Work request
Retype exactly the span of lines below from the one with "The Reality of Myths" through the one with "Hideki Matsuyama of". Do not include pictures.
====== Record extracts
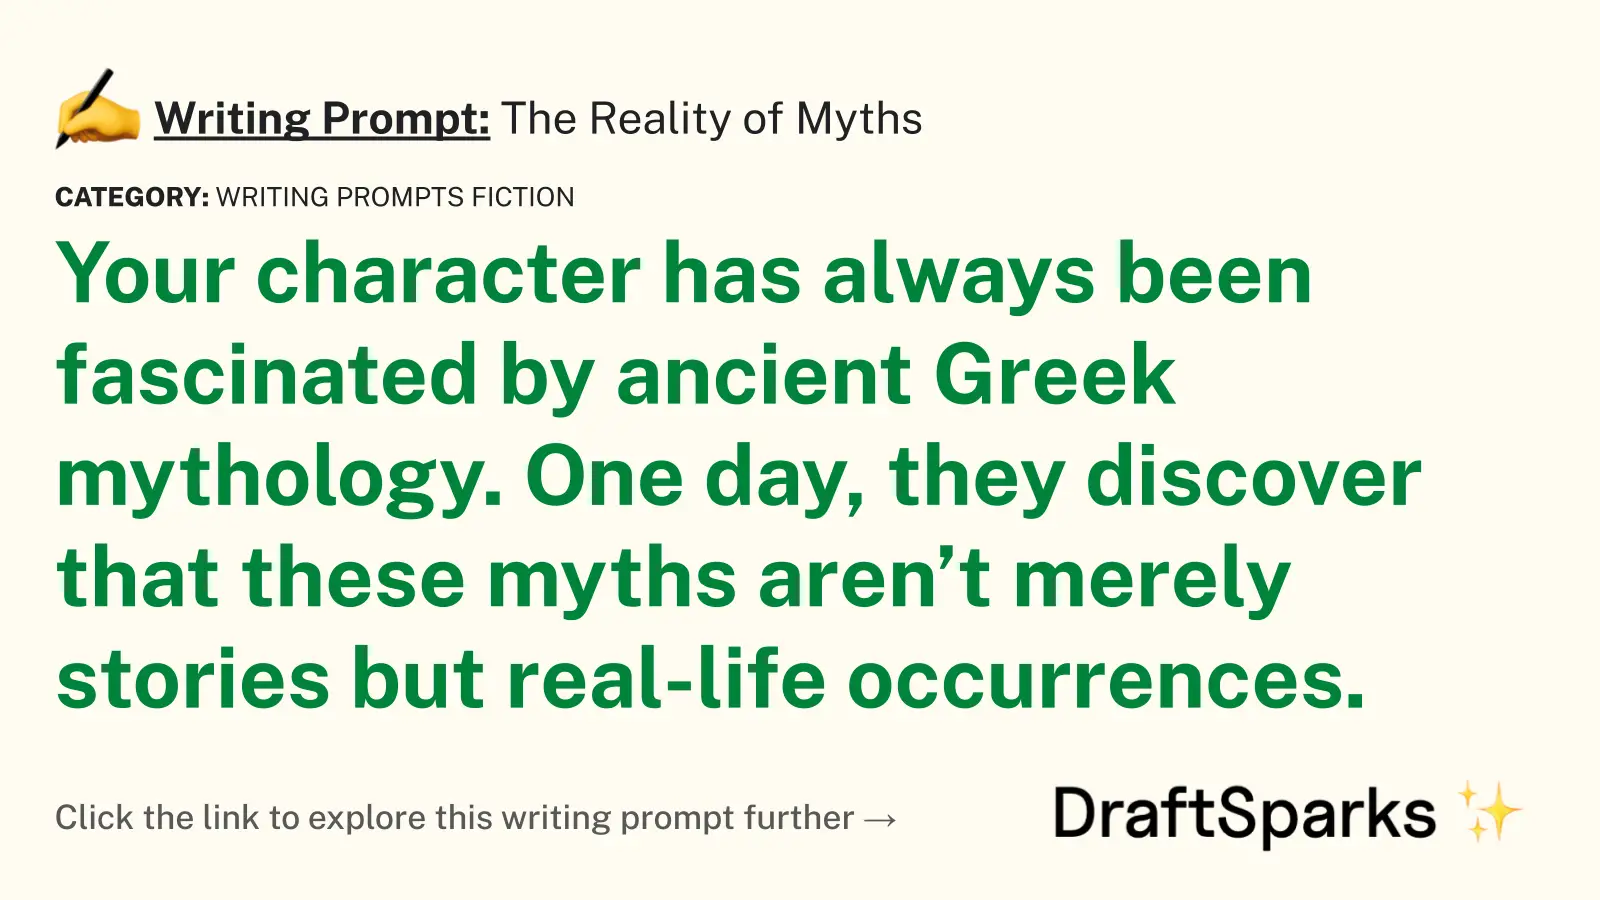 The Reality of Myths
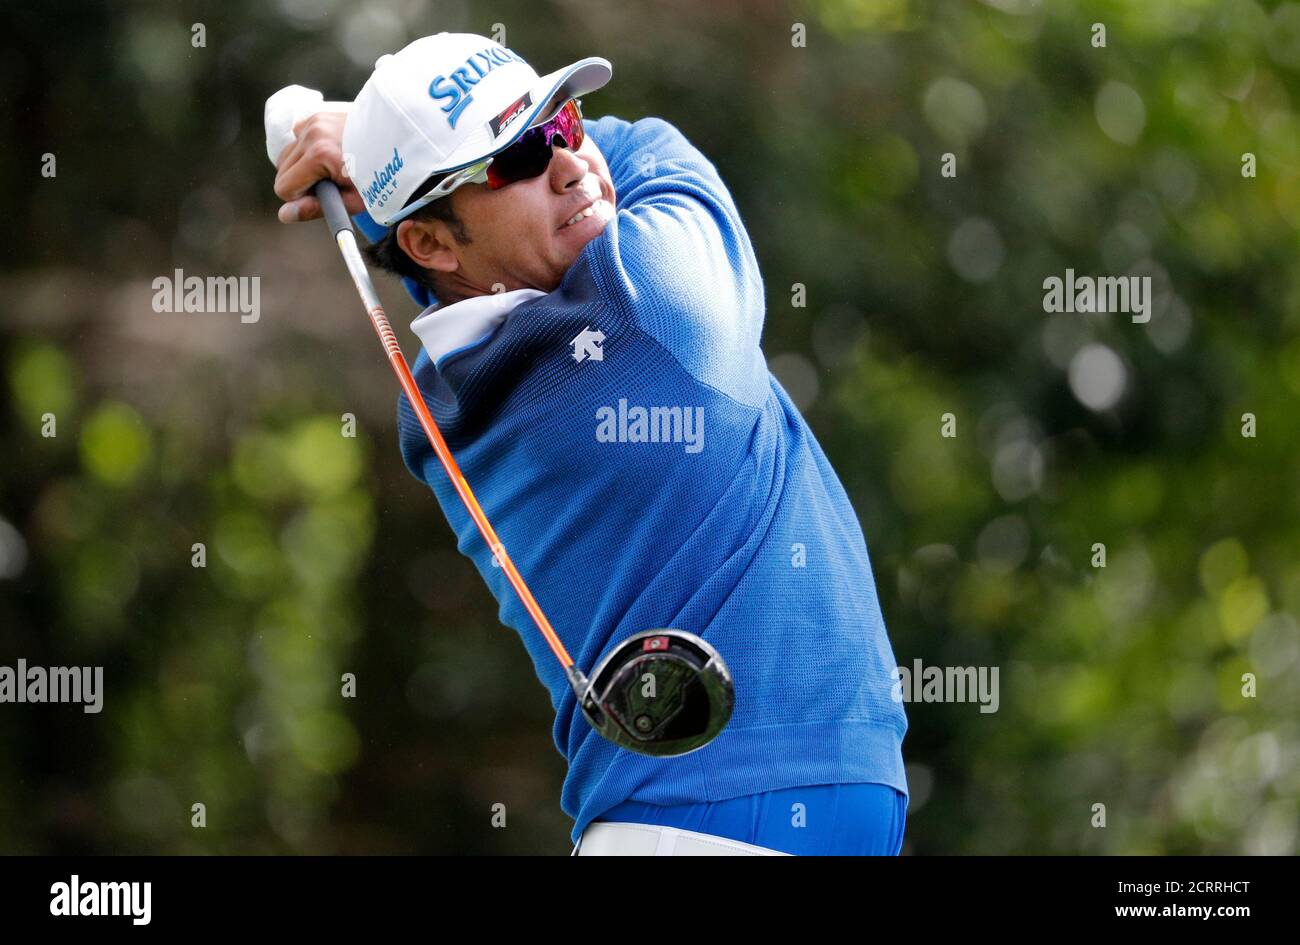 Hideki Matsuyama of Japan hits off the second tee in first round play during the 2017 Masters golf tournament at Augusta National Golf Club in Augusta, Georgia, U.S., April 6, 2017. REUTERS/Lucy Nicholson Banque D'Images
============
====== Record extracts
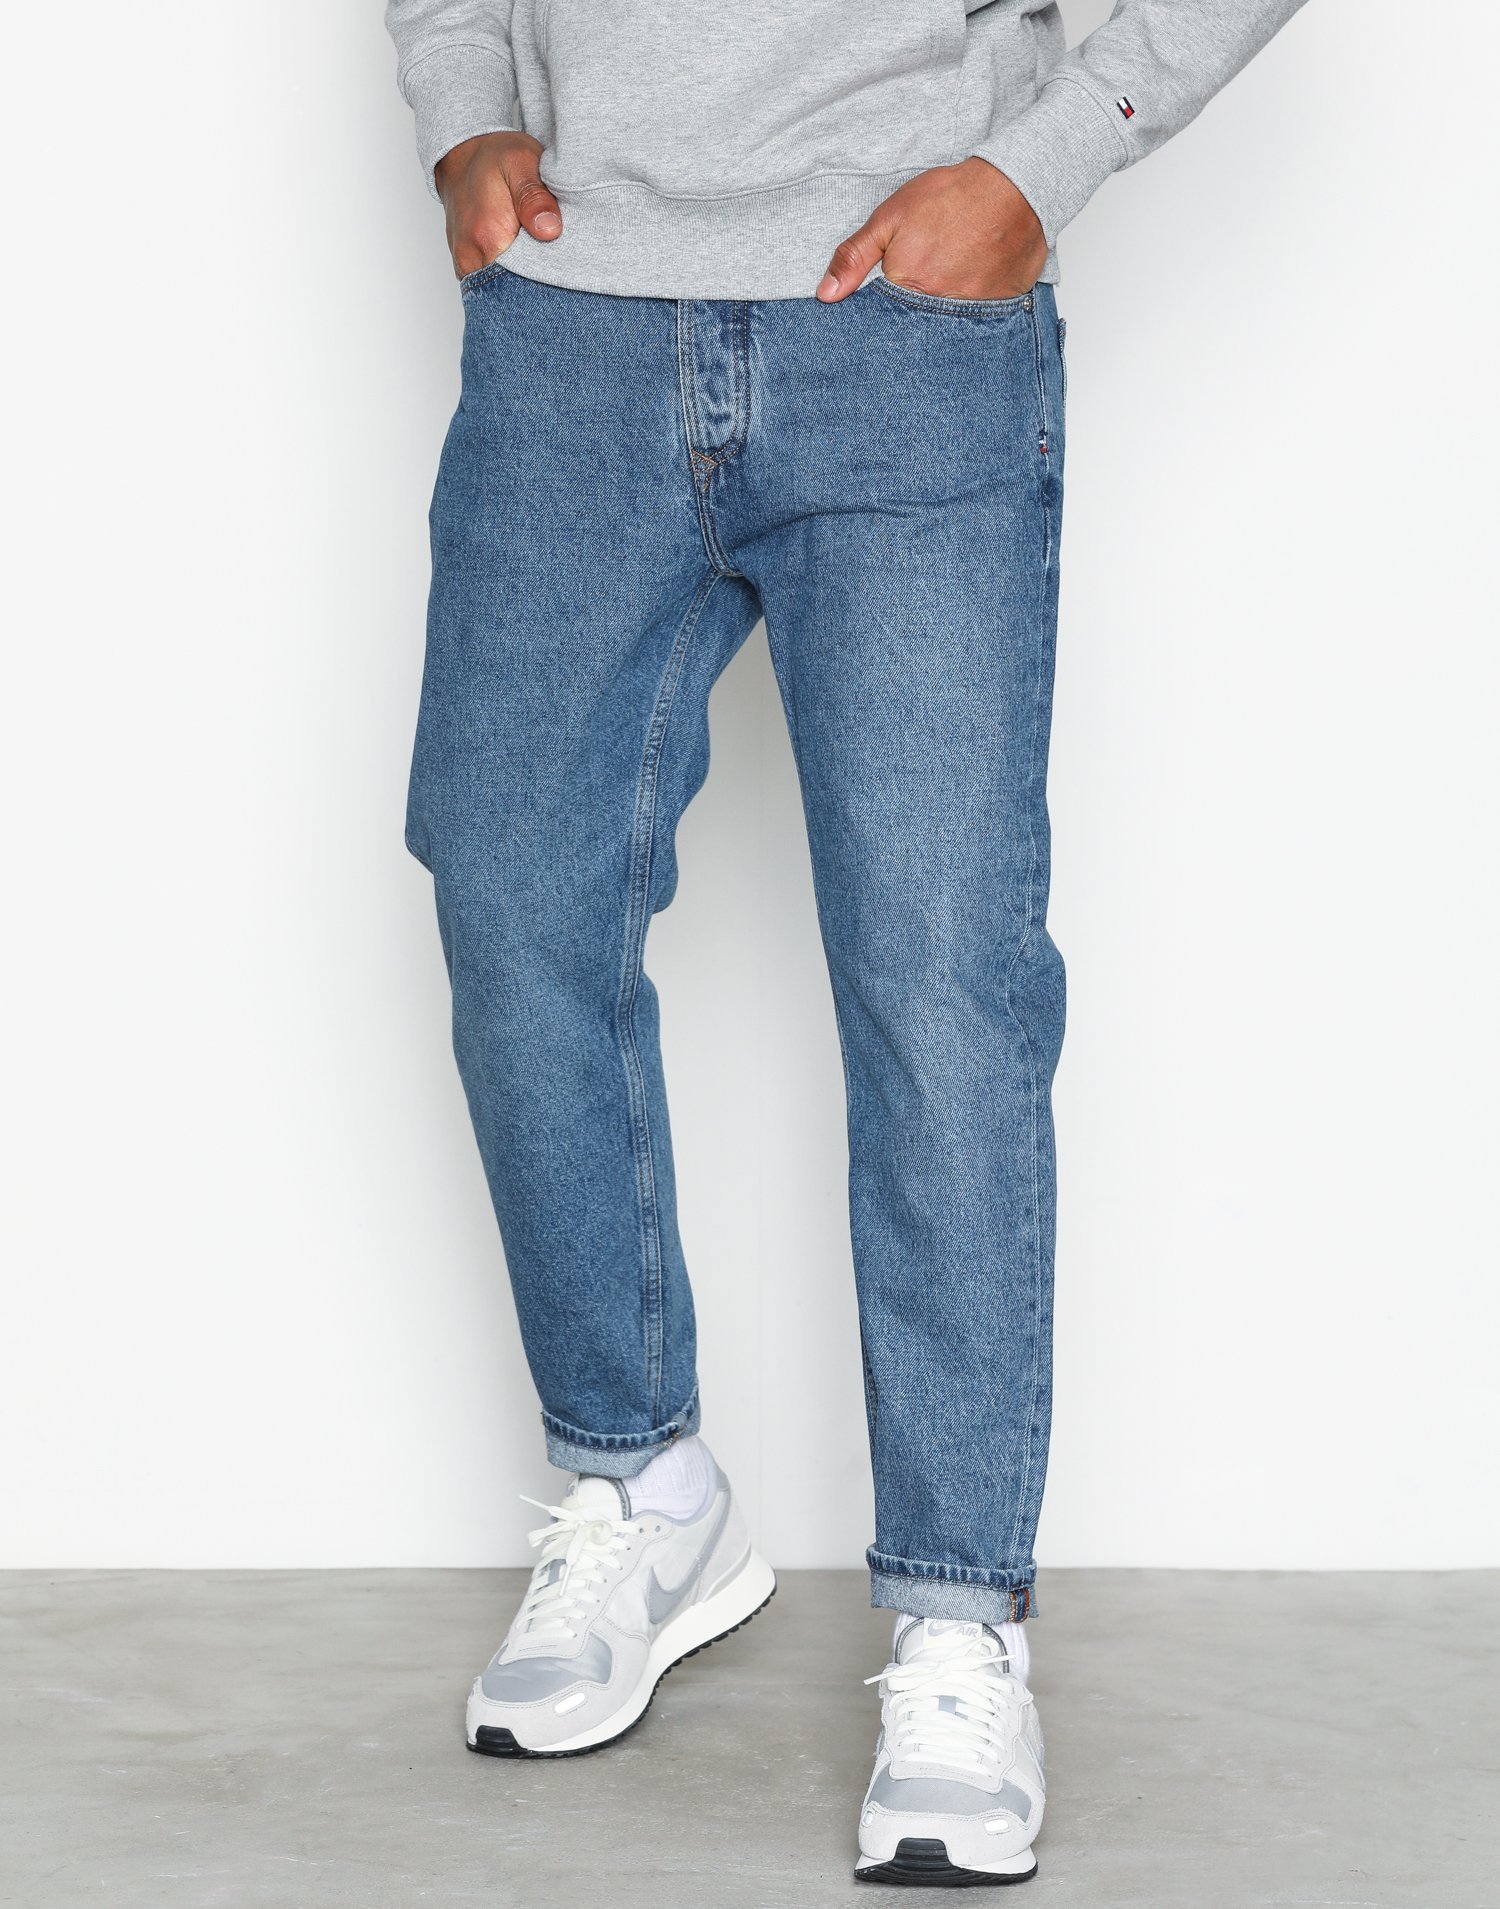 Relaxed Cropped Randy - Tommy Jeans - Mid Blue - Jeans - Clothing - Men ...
============
Answer section
 The Reality of Myths
 Hideki Matsuyama of Japan hits off the second tee in first round play during the 2017 Masters golf tournament at Augusta National Golf Club in Augusta, Georgia, U.S., April 6, 2017. REUTERS/Lucy Nicholson Banque D'Images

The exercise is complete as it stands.